Echiuran worms, numbering around 135 (Brusca and Brusca 2003) to 165 (Biseswar 2009) known species, are an exclusively marine/brackish water group of round, unsegmented worms with a short, stout trunk and and a proboscis that can be shortened and lengthened (but not retracted). The proboscis has a broad groove beneath, with the mouth at its base. Many echiurans are quite large. The trunk can range from a few centimeters in length to as long as 40 cm, but the proboscis can reach as much as 1 to 2 meters!

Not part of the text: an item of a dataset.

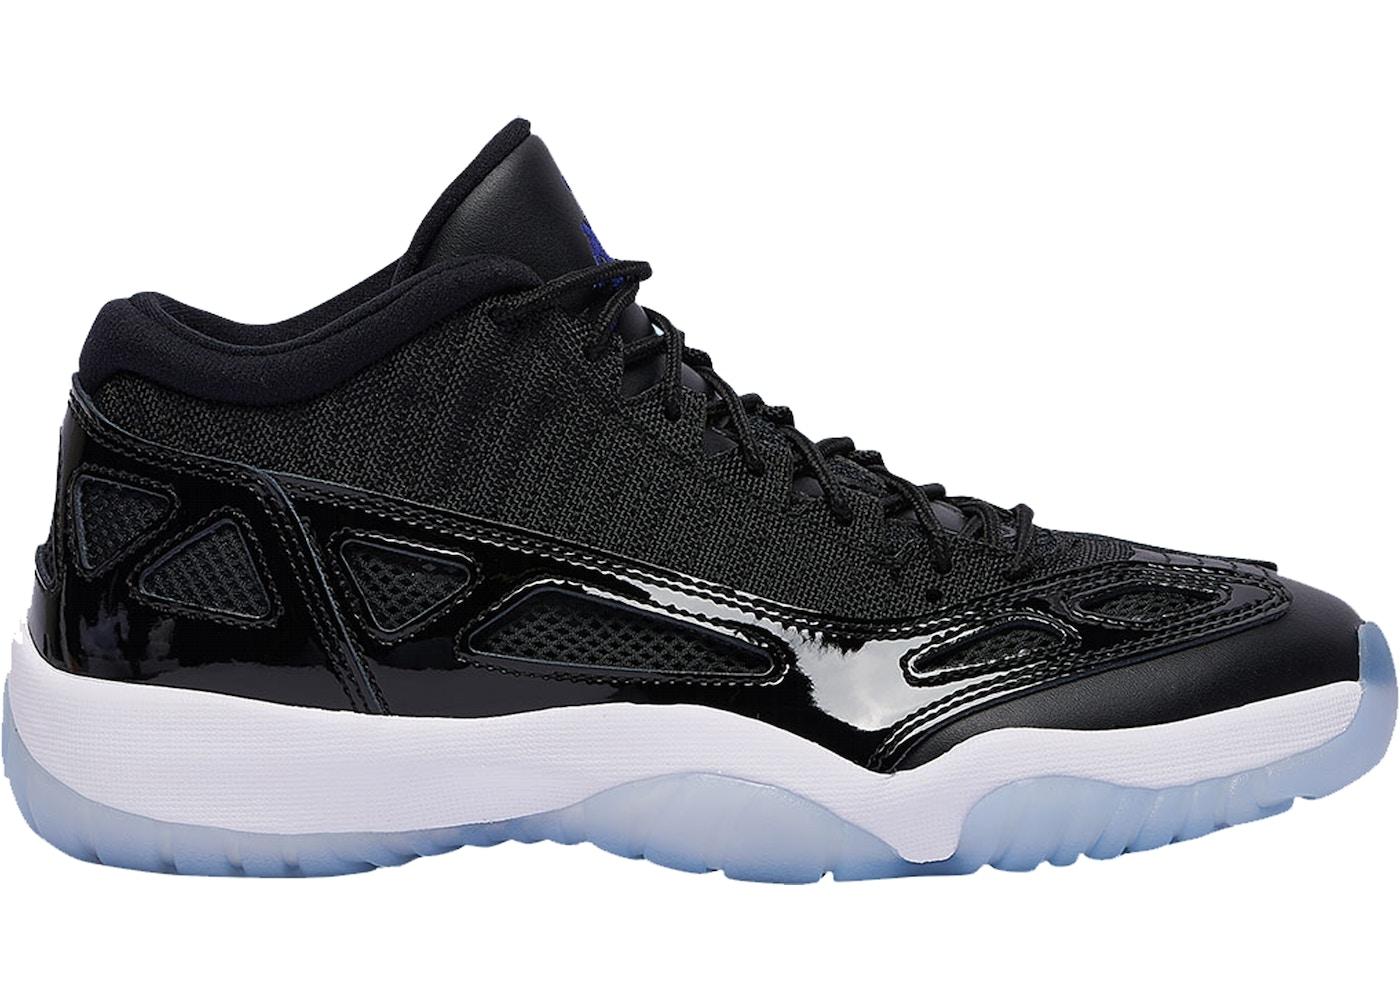 promo code fc18c 855db Buy Air Jordan 11 Shoes & Deadstock Sneakers

Most echiurans burrow in sand or mud or live in surface detritus or rubble. Some species inhabit rock galleries excavated by other invertebrates. Echiurans occur from the intertidal down to 10,000 meters in depth. They have a large coelom (body cavity) that provides a hydrostatic skeleton against which the body wall muscles operate, allowing them to move and burrow. Most echiurans are detritus feeders, burying their trunk and extending the proboscis over the substrate, with organic particles being trapped by mucus on the proboscis. The mucus and food particles are moved by ciliary action along the ventral proboscis gutter to the mouth. Urechis species, which have a very short proboscis, excavate and reside in U-shaped burrows. They produce a funnel shaped mucus net which is attached to the burrow wall by the proboscis. Water is drawn through the burrow and food particles are captured in the mucus net, which is periodically ingested.
Most echiurans have a simple closed circulatory system (although some echiurans, such as Urechis, lack a circulatory system altogether). The main site of gas exchange is probably the hindgut, through which water is pumped constantly in and out, via the anus, by muscular action. Echiuran sexes are separate and, at least in most cases, fertilization is external. Larvae may drift in the plankton for up to 3 months. Species in the family Bonellidae exhibit extreme sexual dimorphism: females may reach a total length of 2 meters, but males are just a few millimeters long, are reduced in complexity, and live attached to the female. Sex determination seems to depend at least in large part on whether or not a larva settles close to the proboscis of a female; if it does, it rapidly matures into a tiny male.
(Jaccarini et al. 1983; Brusca and Brusca 2003 and references therein)
Although generally similar in appearance to sipunculans, the proboscis of sipunculans can be retracted and the sipunculan anus is positioned anterodorsally (posterior in echiurans) (Brusca and Brusca 2003). The exact phylogenetic placement of the echiurans remains elusive. However, they are clearly closely related to the annelids and recent analyses indicate that they are in fact nested within the phylum Annelida (McHugh 1997; Struck et al. 2007); according to McHugh (1997), members of the former phylum Echiura should now all be referred the family Echiuridae, in which they were originally placed more than a century ago.